Later, interpreting scans was outsourced to bureau diagnostic services, where a (sometimes) more experienced and (always) lower-cost medical practitioner would attempt to divine malady from image.

Today, those lower-cost medical practitioners are being replaced by AI. Still applying the same sorts of experience-based educated guesses, only now that experience is drawn from studying more images and outcomes than any dozen doctors could acquire in their professional lifetimes.

Tough on a doctor’s ego though it may be, when correctly trained and monitored, the AI will do a more consistent and sometimes better job than they could.

No need to sleep. Take holidays. Get distracted. Suffer from human error.

Instead, they apply rules-based judgement to a simple repetitive task. One that once required highly skilled workers who had completed 10+ years of tertiary study, while incurring tens or hundreds of thousands of dollars in student loans.

The end result?

Fewer experienced humans are required to process vastly higher numbers of scans. The role focus evolving from curing patients to sample-based marking of a robot’s homework.

Faster and cheaper service delivery, provided at a “good enough” level of quality. A net win.

Not perfect. But human doctors can’t correctly diagnose all maladies all of the time either.

The illustration highlights the continuation of that same journey experienced by the production line workers of generations past. First their jobs went to ever lower-cost locales in a race to the bottom, before starting to disappear entirely in the face of automation.

Following the well-trodden path of structurally redundant blacksmiths, elevator operators, lamp lighters, and nightsoil collectors before them.

One of the reasons this past year has been interesting is I’ve been running projects exploring how to actively do to other professions what is being done to the medical imagining fraternity.

Of course that isn’t how it is being sold! Instead, the usual corporate double-speak messaging along the lines of “freeing up valuable time to focus on more productive activities”.

And it is true, to an extent. Those who survive will be more productive. What isn’t spoken of is the fact they will have far fewer industry peers and colleagues to converse with or learn from.

The focus of these projects has been professional services.

That broad collection of white-collar jobs. Where typically well-educated workers perform (mostly) simple repetitive rule-based tasks, in return for comparatively high wages. Think accountants, analysts, developers, engineers, planners, traders, and lawyers.

But here is the thing: any role that can be distilled to a set of simple repetitive rules or pattern-based activities will be replaced by AI sooner or later.

Analysing legal wordings. Engineering technical solutions. Executing trading strategies. Parsing company financials. Rebalancing portfolios. Writing code.

All professional undertakings that, at their core, involve applying a known set of principles, methods, rules, standards, and techniques to a problem. Most of which can be distilled down to simple proven patterns and logically sequenced decision trees. In other words: solved problems.

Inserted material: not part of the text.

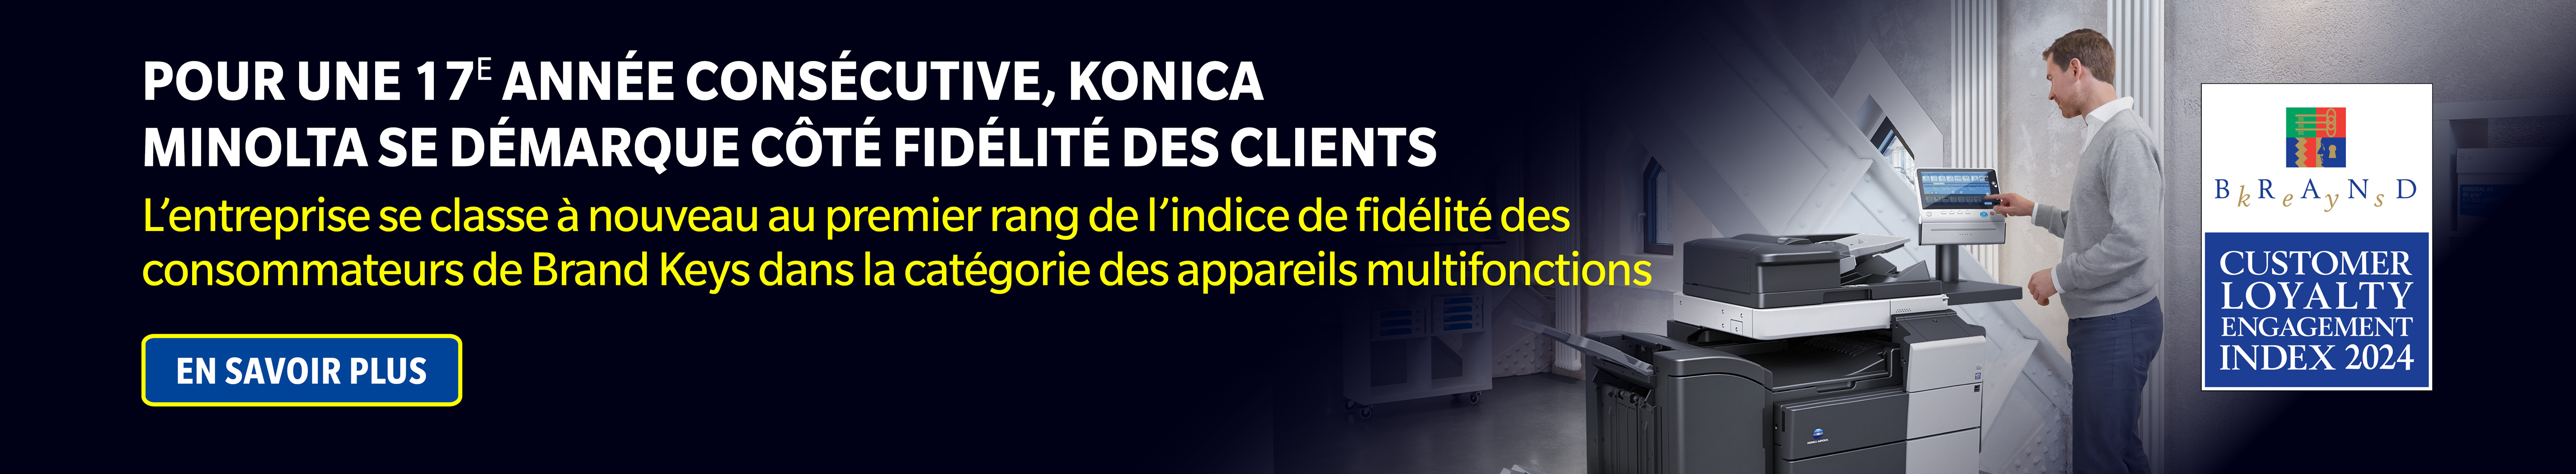 Pour une 17e année consécutive, Konica Minolta se démarque côté fidélité des clients

Occasionally, there will be edge cases or genuinely new problems for which there are not (yet) accepted solutions. But it turns out, despite the outraged claims of heresy made by those of us who earn a living performing these functions, these are increasingly few and very far between.

Be warned, once seen, this direction of travel cannot be unseen.

Of course, there is a danger that when holding a hammer everything starts resembling a nail. Not all these projects have proven successful. Some spectacularly so! But most exceeded expectations, realising benefits faster and larger than originally planned.

A rare outcome, in my professional experience. The scope of realistically automatable activities broadening as fast as the current arms race of technical capabilities rapidly evolves.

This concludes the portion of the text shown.